Corporate Income Tax (CIT)

Corporate Income Tax (CIT)

Tax liability

Taxation principle is territoriality, place of registration, and residency.

  • Gabonese companies carrying on a trade or business outside Gabon are not taxed in Gabon on their foreign-source profits.
  • Gabonese companies are those registered in Gabon, regardless of the nationalities of their shareholders or where they are managed and controlled.
  • Foreign companies with activities in Gabon are subject to Gabon corporate tax on Gabonese-source profits.

CIT tax highlights

The simplified regime

  • This regime is a derogation of the common regime contained in the General Tax Code
  • It concerns only the Petroleum sector, and particularly subcontracting
  • This option is valid for 02 years, renewable once, subject to conditions and approval.
  • This option applies the CIT common law rate, on a flat rate benefit of 17% of revenue (REV)
  • Or a single rate of 35% x 17%(REV) = 5.95% of REV
  • The basis for determining personal income taxes (PIT) is also fixed at 14% of revenue, to which applies 20% non-resident tax
  • Or single rate of 14% of REV x 20% = 2.80% of REV
  • Mobilization, demobilization, and disbursements are to be excluded from the REV used to determine the taxable REV
  • Or a Total of 8.75% of REV for CIT, and PIT.
  • At the end of the renewal, only the common law regime remains applicable.

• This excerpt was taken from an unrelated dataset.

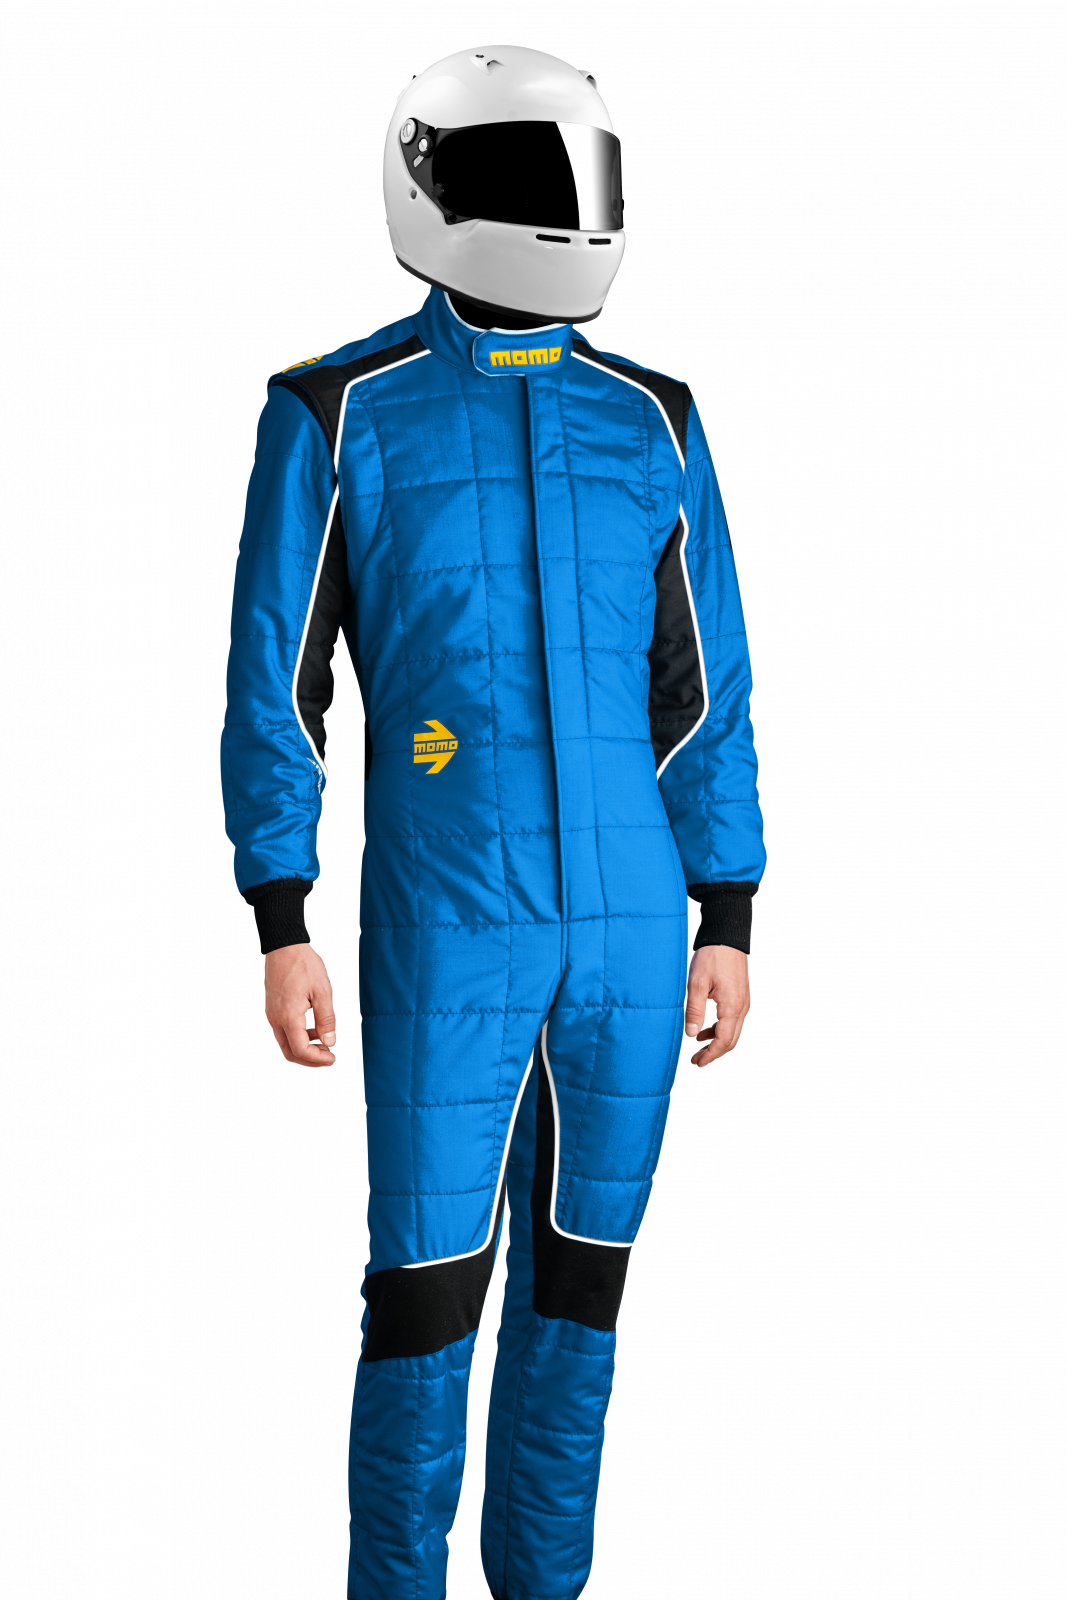 MOMO Corsa Evo Blue Size 60 Racing Suit TUCOEVOBLU60

According to Decree No. 2005-17 of May 5th, 2015, in Article 5, “The Simplified tax regime of subcontractors of oil companies is exempt from all taxation on profits”. 

The common regime

Rate

Several rates:

  • 25% for some very limited business sectors
  • 35% for oil and mining companies
  • 30% for other businesses.

The Minimum Tax:

  • 1% of annual revenue,
  • Flat-rate minimum collection of XAF 1 million, unless the company is exempt.

Taxation requirements

  • Minimum tax is paid in two installments of the preceding year’s corporate tax. 25% due on 30 November and 33.33% due on 30 January.
  • Final Tax being Maximum between two installments, 1 million lump sum minimum, and CIT rate payable latest 30th of April when filing the tax return
  • Penalty of 10% for the first month and 3% for subsequent months is applicable if paid out of deadline
  • Taxable income is based on financial statements prepared according to OHADA (organization for the harmonization of business law in French-speaking Africa) standard
  • Fiscal year starts from January 1st to December 31st
  • Branch CIT rate is as per rate above.
  • Dividend of branches is fully considered as distributed. Tax rate is 15%. Could be 10% under some conditions.
  • Meanwhile dividend paid to individuals is subjected to 20% dividend tax
  • Double Tax Treaty(with France, Canada, Belgium, Benin, Ivory-coast, Morocco, Sénégal, Togo, and CEMAC) reduces or exonerates Branch dividend tax
  • Companies created / registered during the six-month of the second half of the year can extend their fiscal year up to December N+1
  • Losses are carried forward for 3 years
  • Losses attributable to depreciation may be carried forward indefinitely.
  • Losses may not be carried back.
  • The statute of limitations period for CIT is four years following the year in which the tax was due.

 Business expenses deductibility

  • Business expenses are generally deductible unless specifically excluded by law.
  • They must be real and justified, related to fiscal year, not excluded from deductible expenses by the law, and not considered as an abnormal transaction.
  • They must be included in the expenses for the year in which they were incurred. Expenses from previous years are not deductible.

Here are some major restrictions and/or limitations:

  • Head office and remuneration of studies, technical, financial or administrative assistance paid to non-residents deduction is limited at 5% of chargeable income before taking into account such expenses
  • Rent expense for movable equipment paid to a shareholder holding, directly or indirectly, more than 10% of the capital is not deductible
  • Interests paid to shareholders more than the central bank annual rate plus two points, are not deductible
  • Commissions and brokerage fees exceeding 5% of purchased imports are not deductible
  • Non-arm’s length expenses and payments between a company that is under the control of a company or group located outside the CEMAC zone, or a company controlling a company located outside the CEMAC zone, are considered abnormal management act, and cost might not be deductible
  • Most liberalities, gifts and subsidies are not deductible. Some of them are limited to 1% of turnover.
  • Expenses must be registered in the company books as an expense of the related fiscal year
  • Fixed assets may be depreciated using the straight-line method at rates specified by the tax law (minimum, 8% to 33.33% Maximum)
  • An accelerated depreciation method may be used for certain fixed assets, subject to the approval of the tax authorities.